BRIEF: Could you restate word for word only the lines below from the one holding "Quasi Pocket Pants - Army" to the one holding "Lançamento: Kit Tesoura Comfort!", inclusive, and leave out the pictures?
--- DATASET Enclosed Below ---
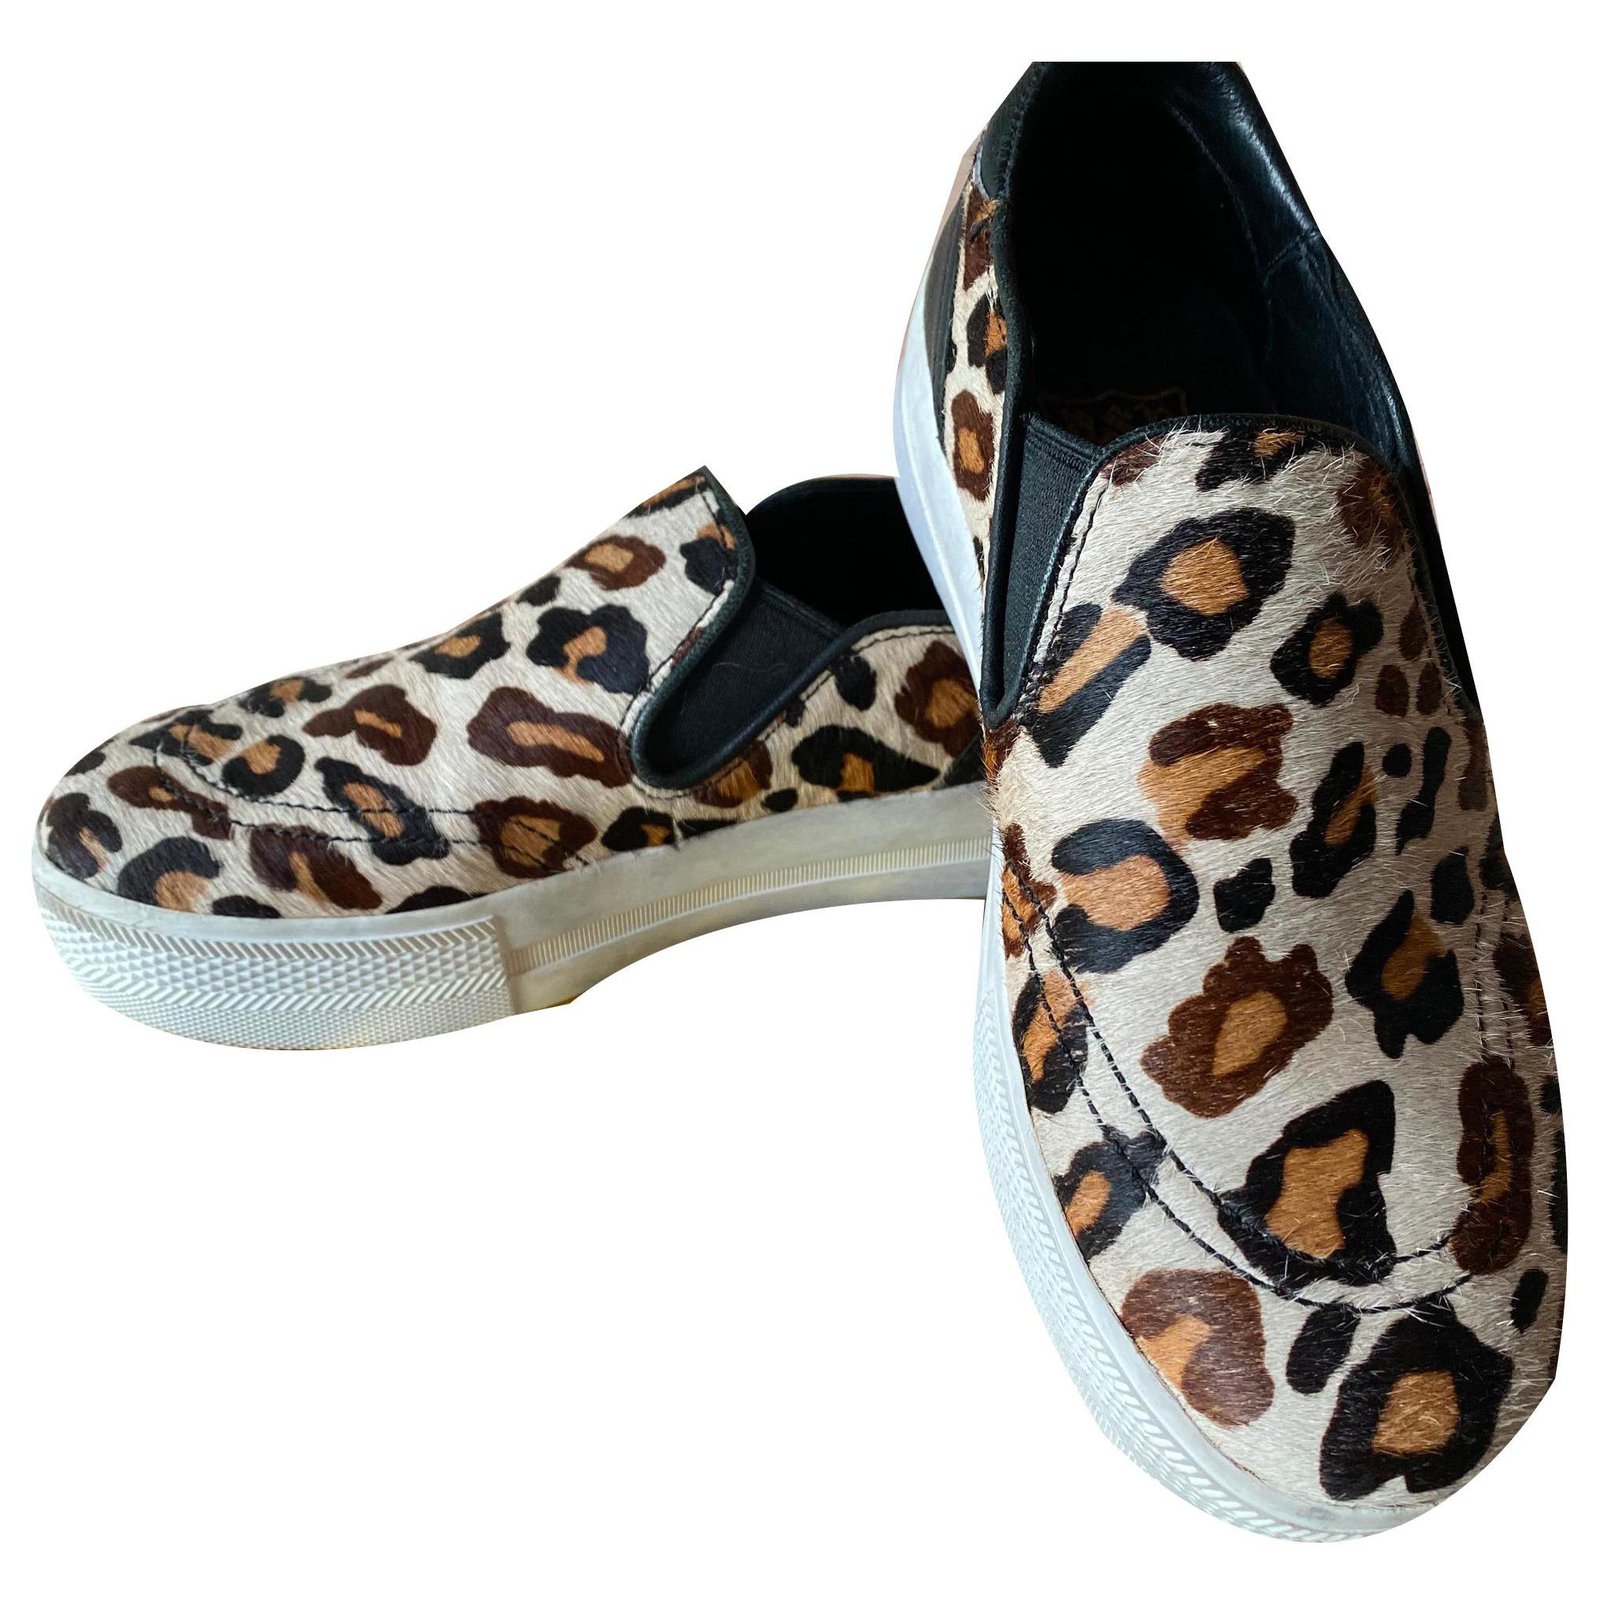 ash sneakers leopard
--- End of Enclosed DATASET ---
--- DATASET Enclosed Below ---
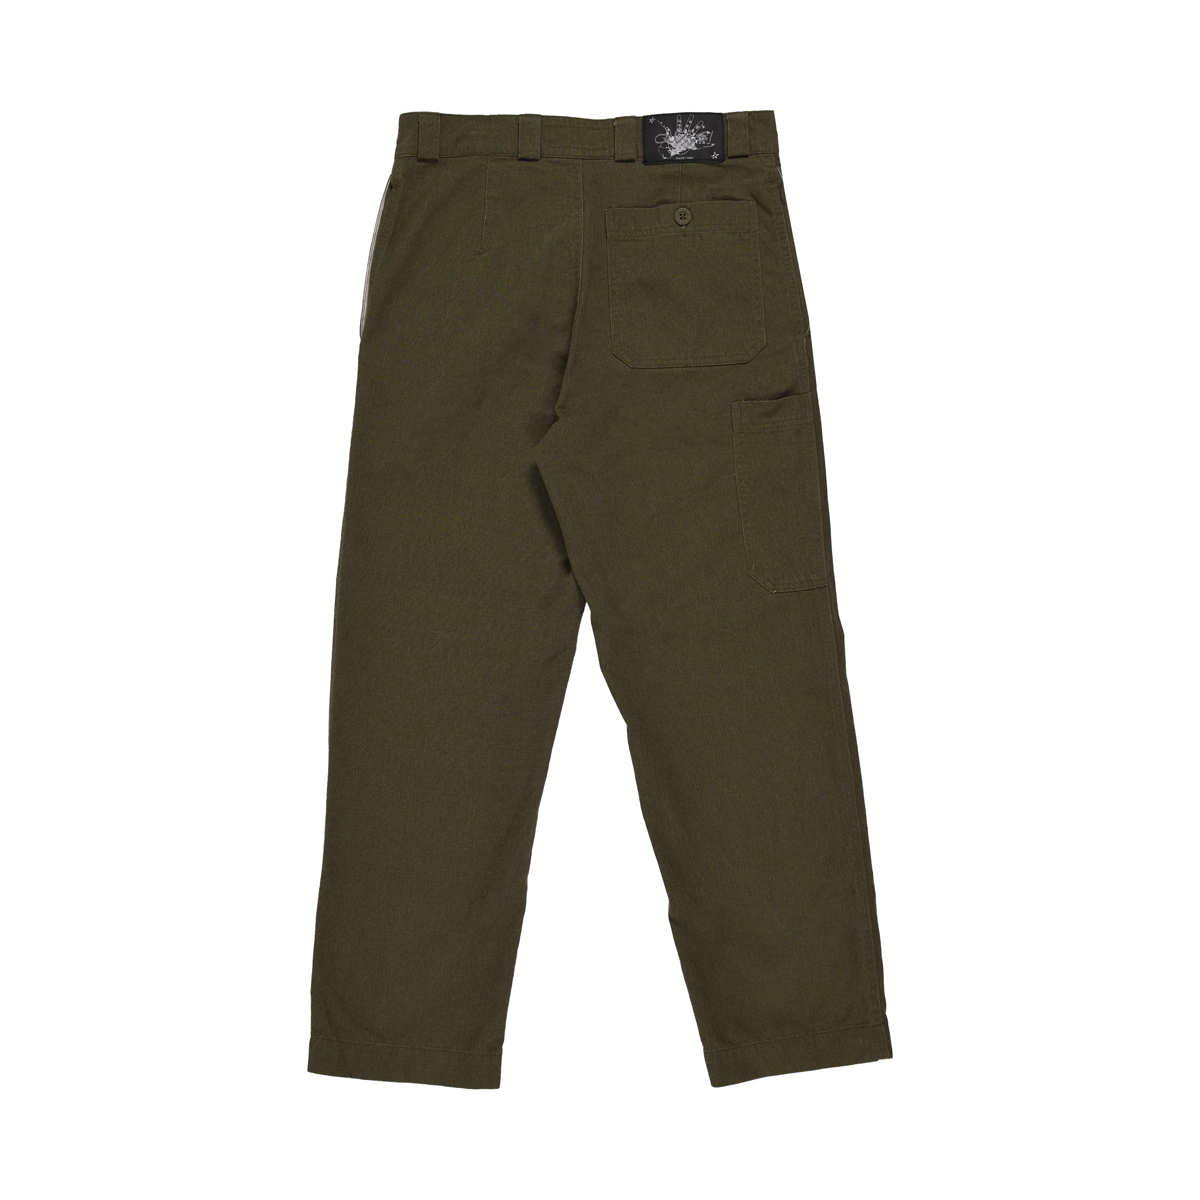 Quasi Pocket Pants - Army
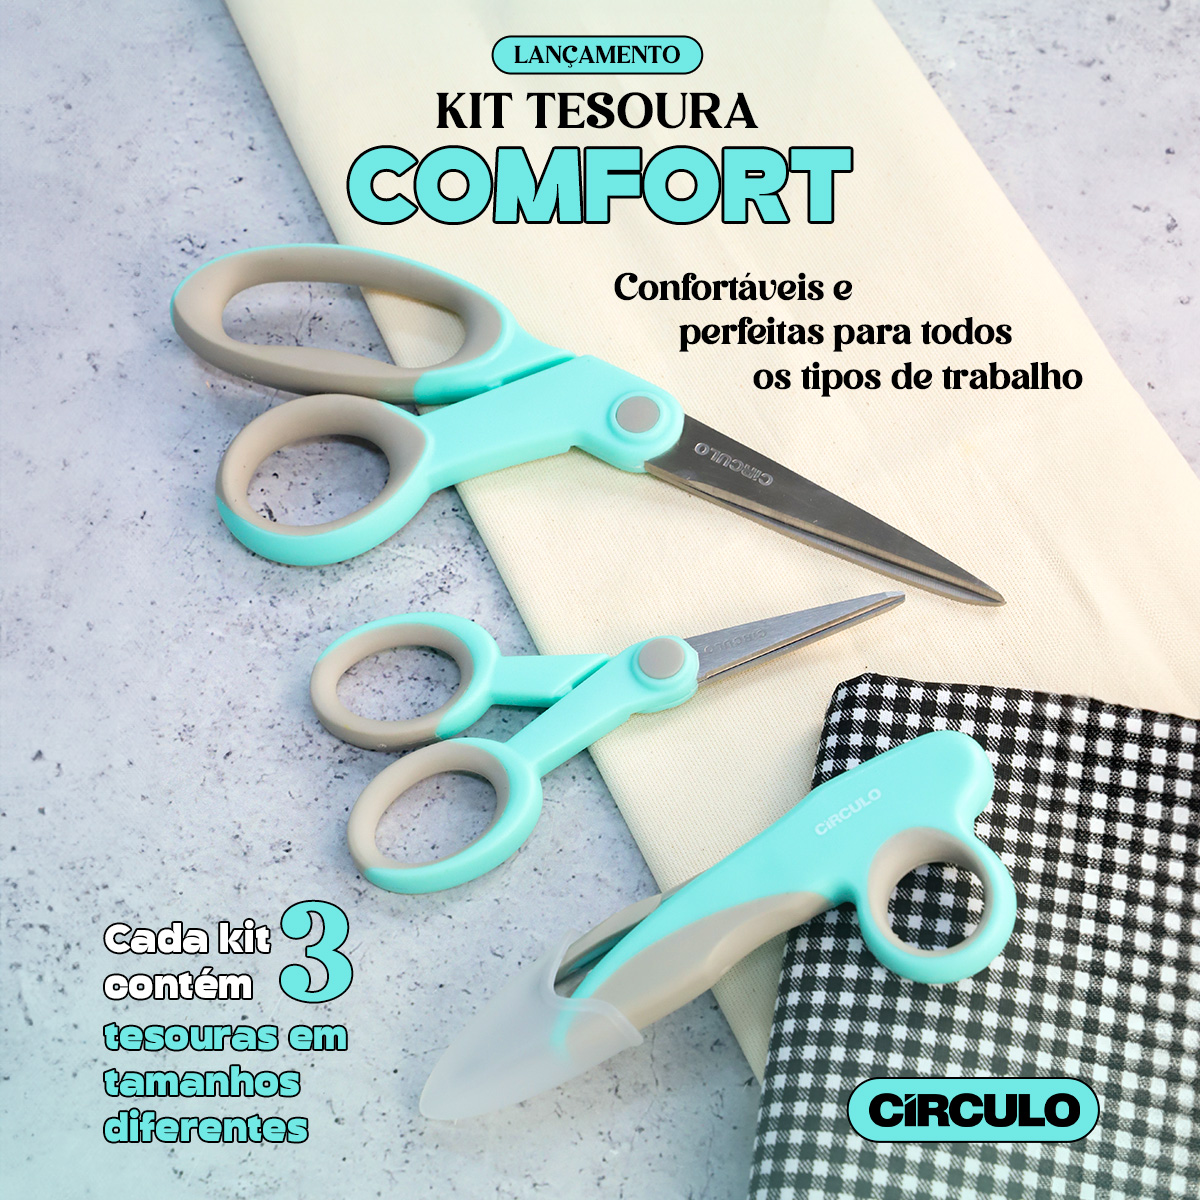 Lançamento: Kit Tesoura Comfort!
--- End of Enclosed DATASET ---
--- DATASET Enclosed Below ---
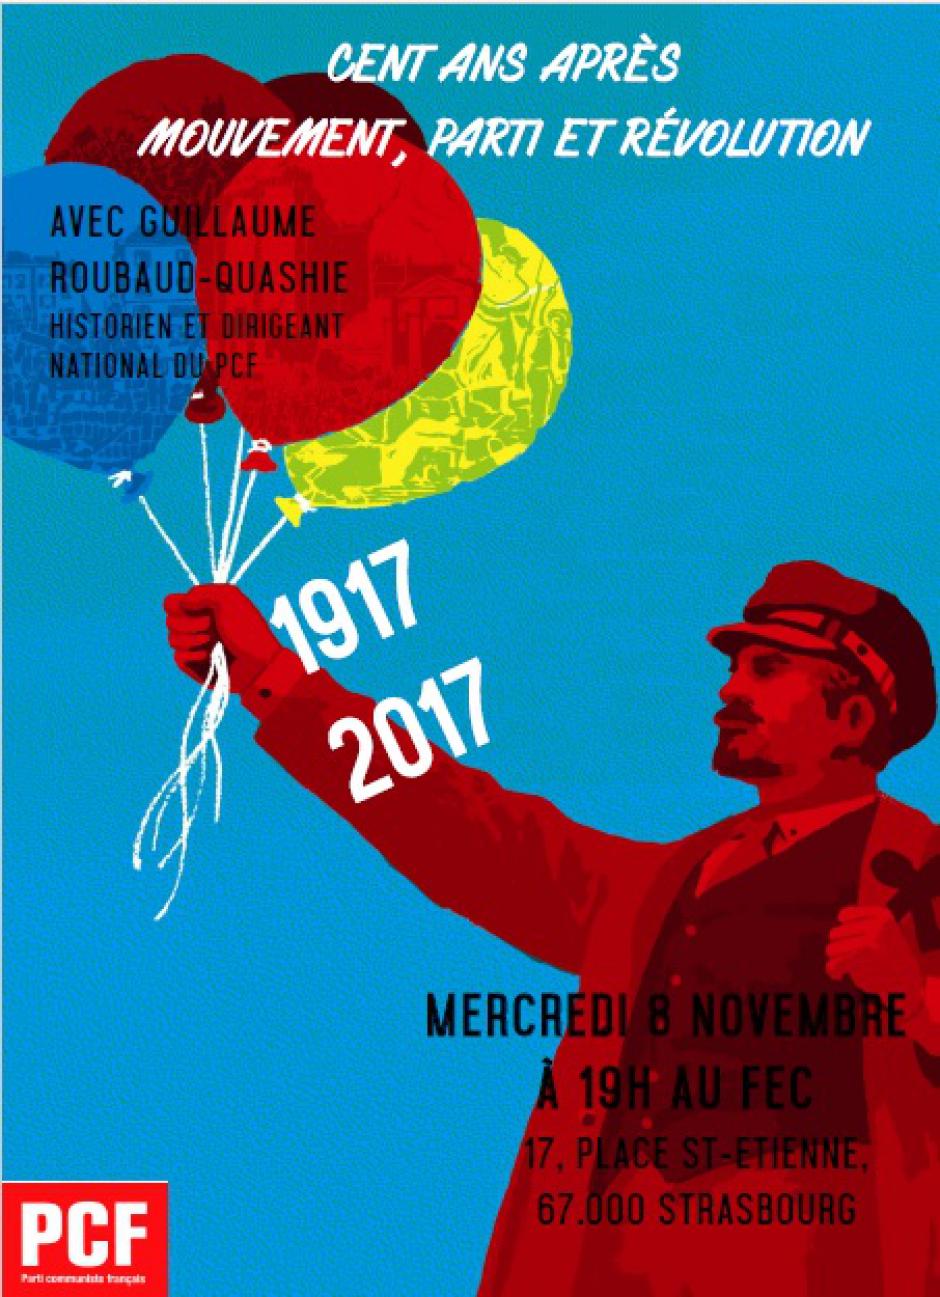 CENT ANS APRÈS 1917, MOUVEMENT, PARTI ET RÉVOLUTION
--- End of Enclosed DATASET ---
WRITTEN SOLUTION:
 Quasi Pocket Pants - Army
 Lançamento: Kit Tesoura Comfort!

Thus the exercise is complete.